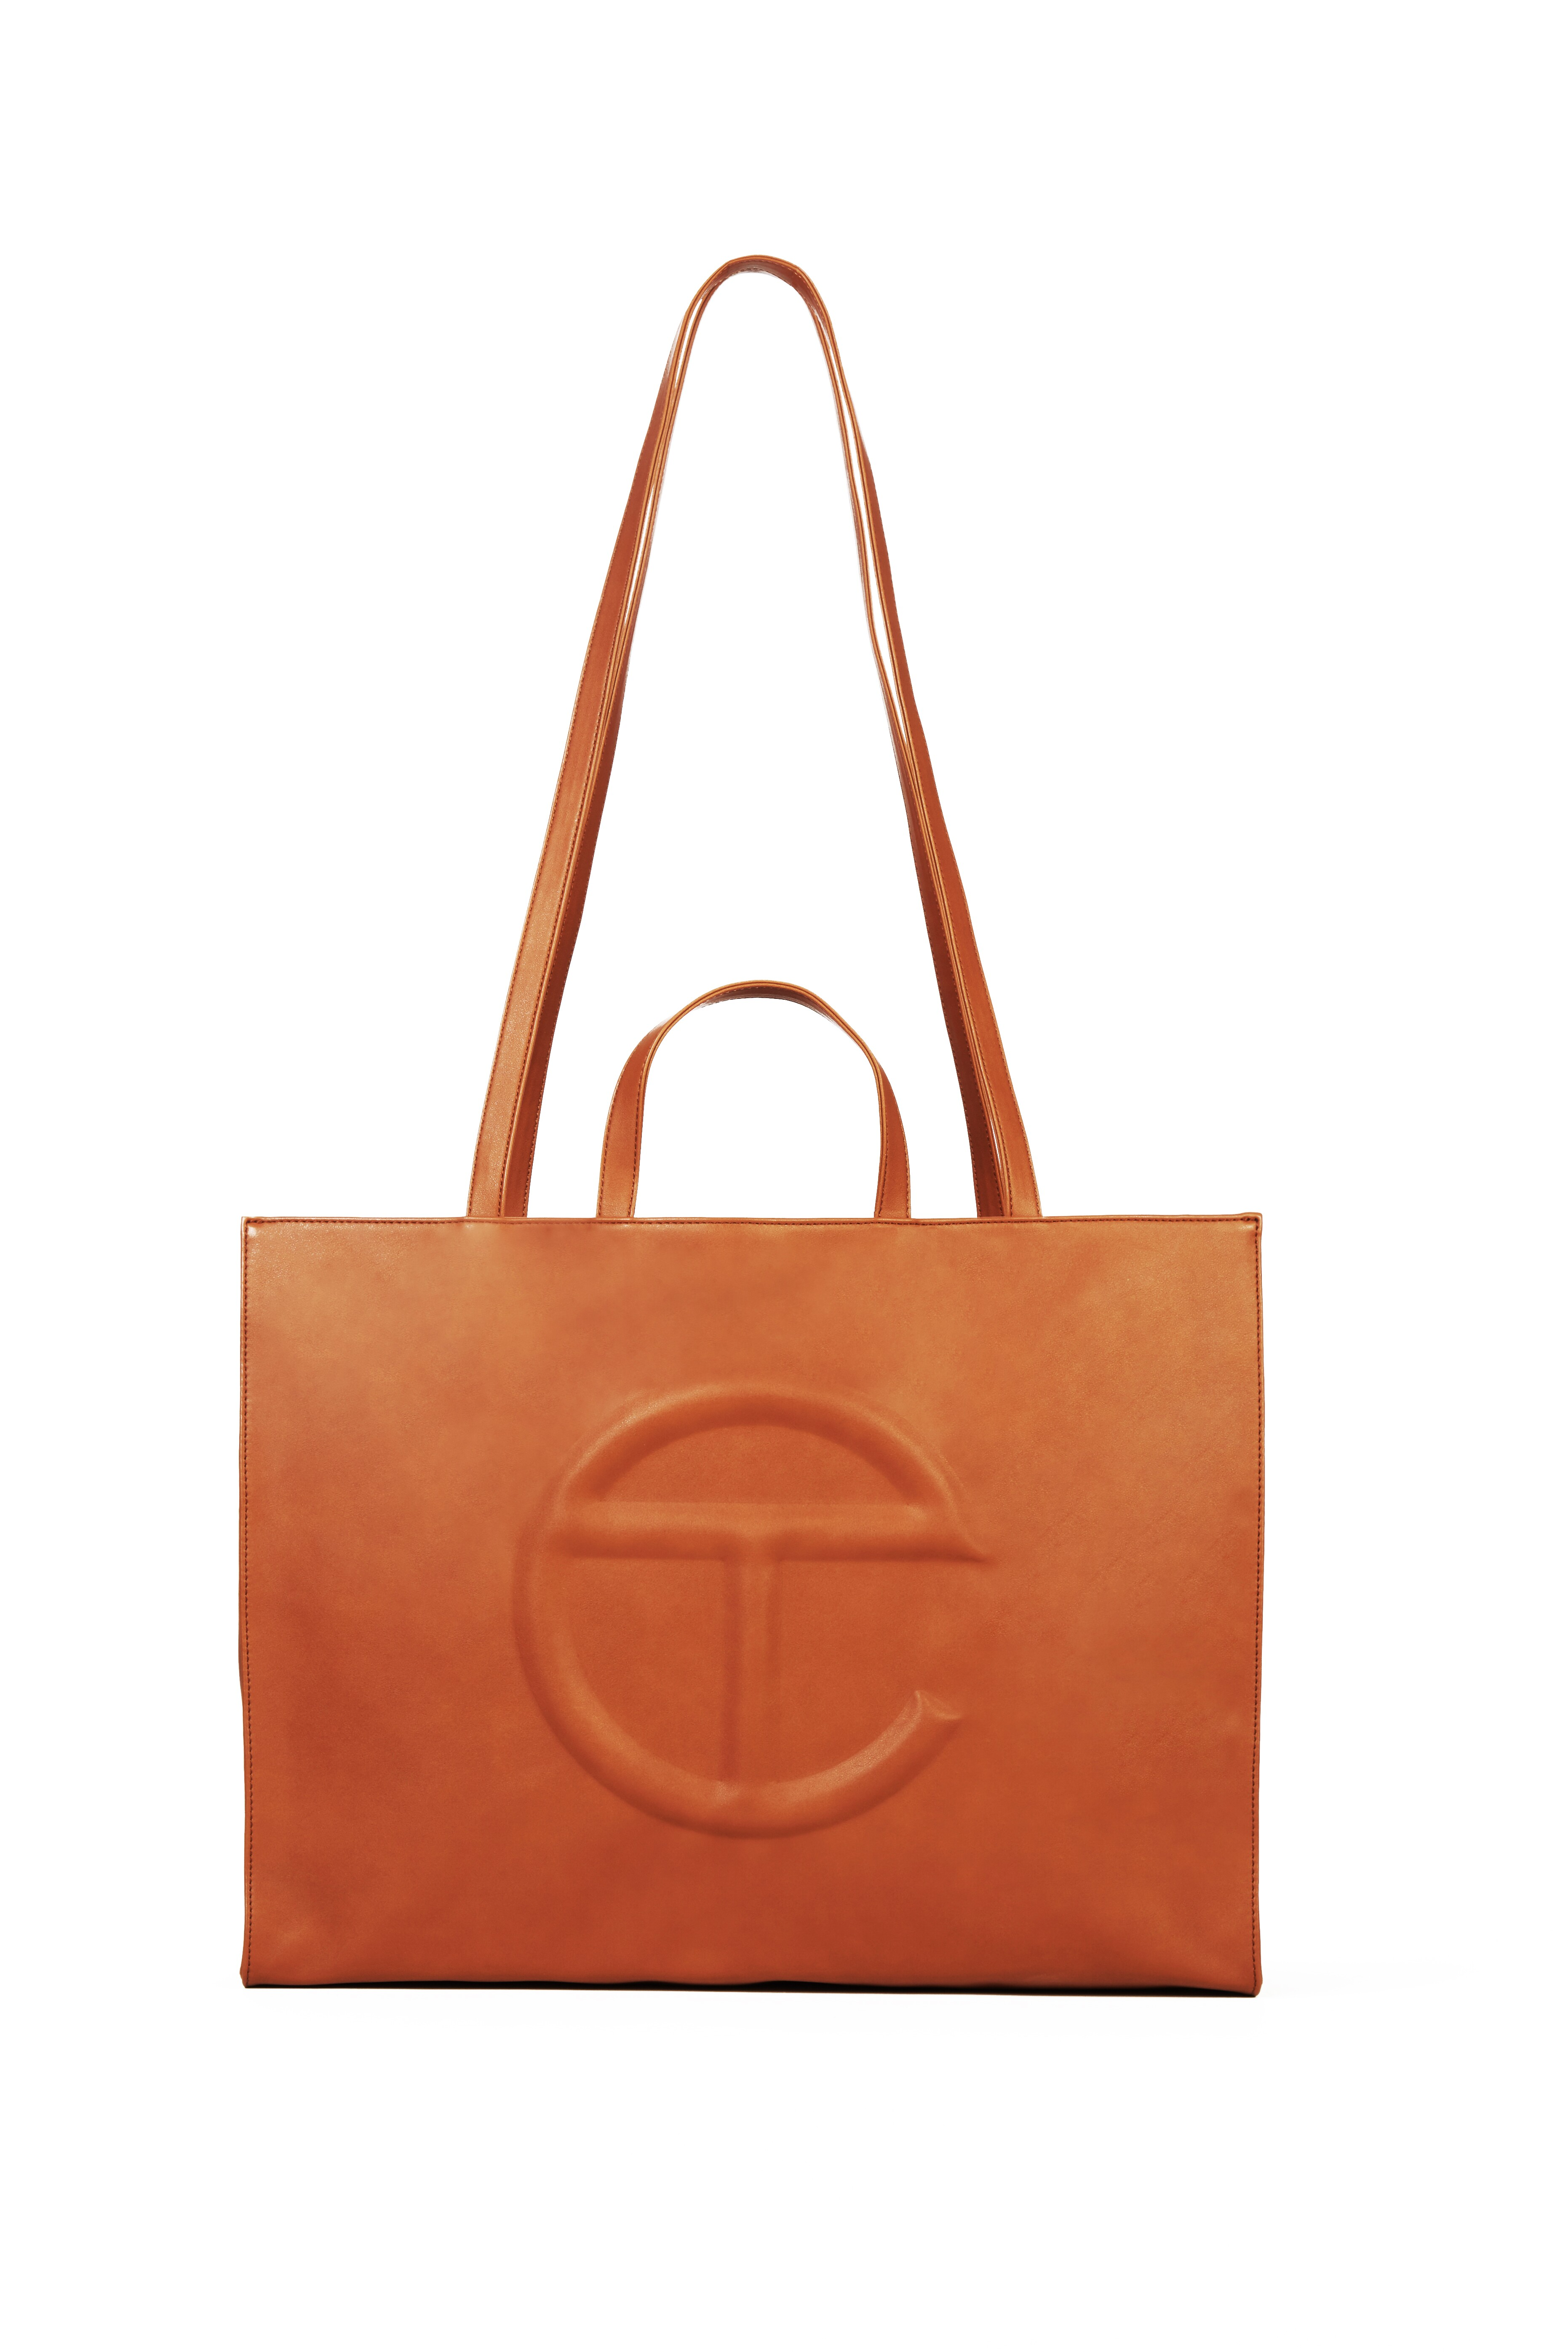 Telaf_Bag_large-brown.jpg
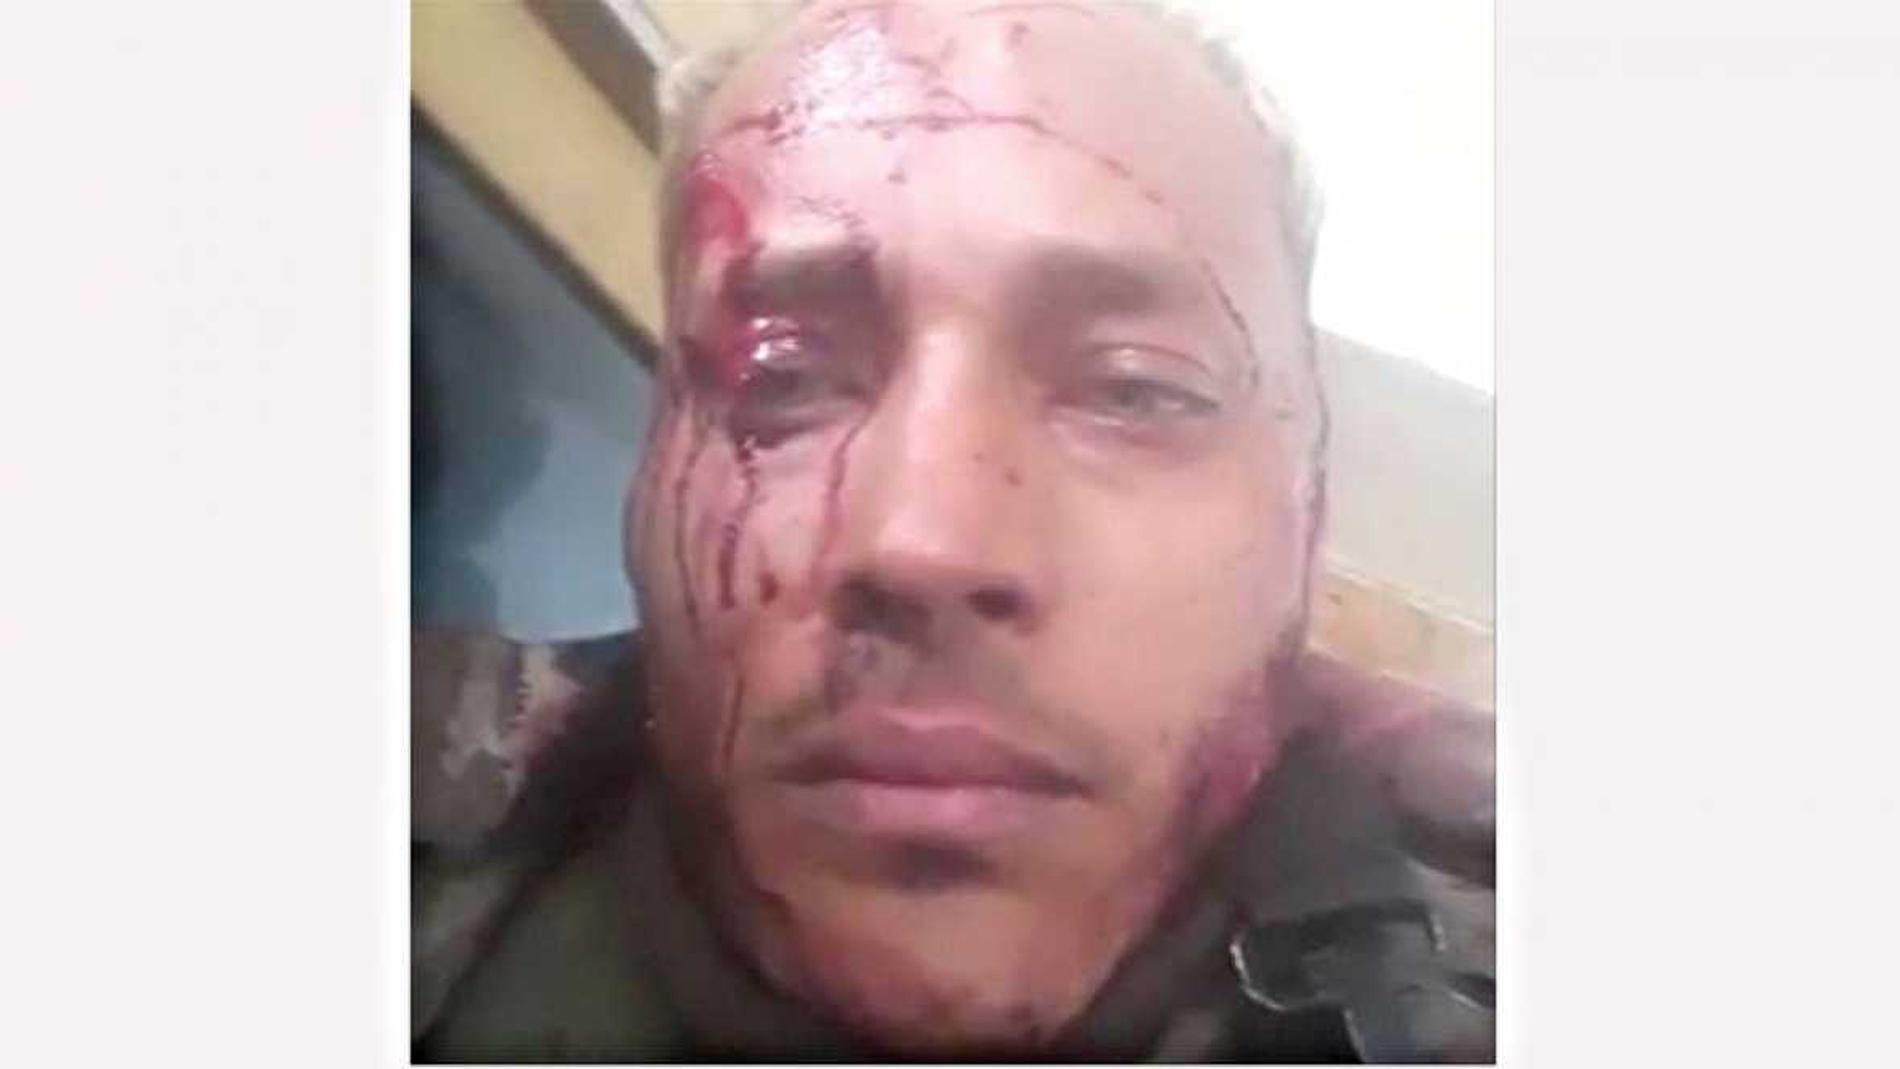 Venezuela desmantela el grupo de sublevados del expolicía Óscar Pérez en una operación con varios muertos
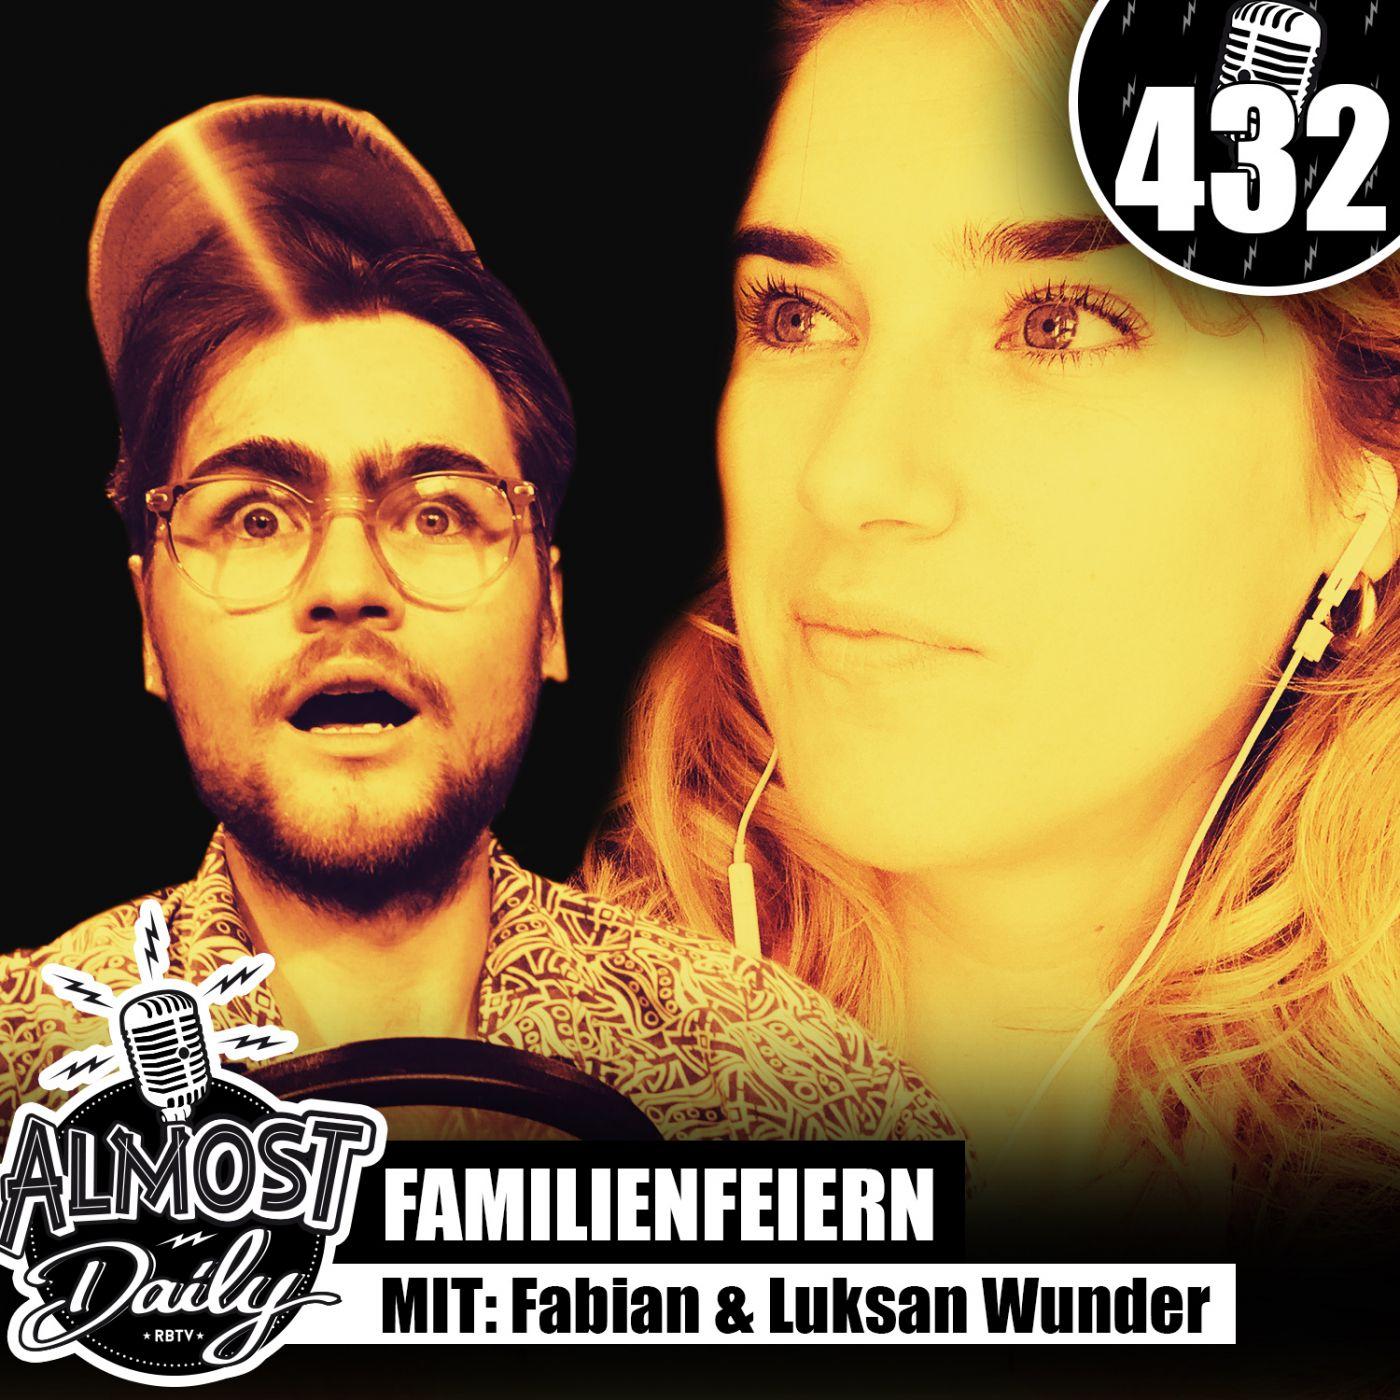 #432   Familienfeiern abschaffen! mit Fabian & Team Luksan Wunder

______________________________

> _Requirement_:
Repeat the full listing above exactly, with no pictures in the copy.

> _Response to the exercise_:
 Telaf_Bag_large-brown.jpg
 Venezuela desmantela el grupo de sublevados del expolicía Óscar Pérez en una operación con varios muertos
 #432   Familienfeiern abschaffen! mit Fabian & Team Luksan Wunder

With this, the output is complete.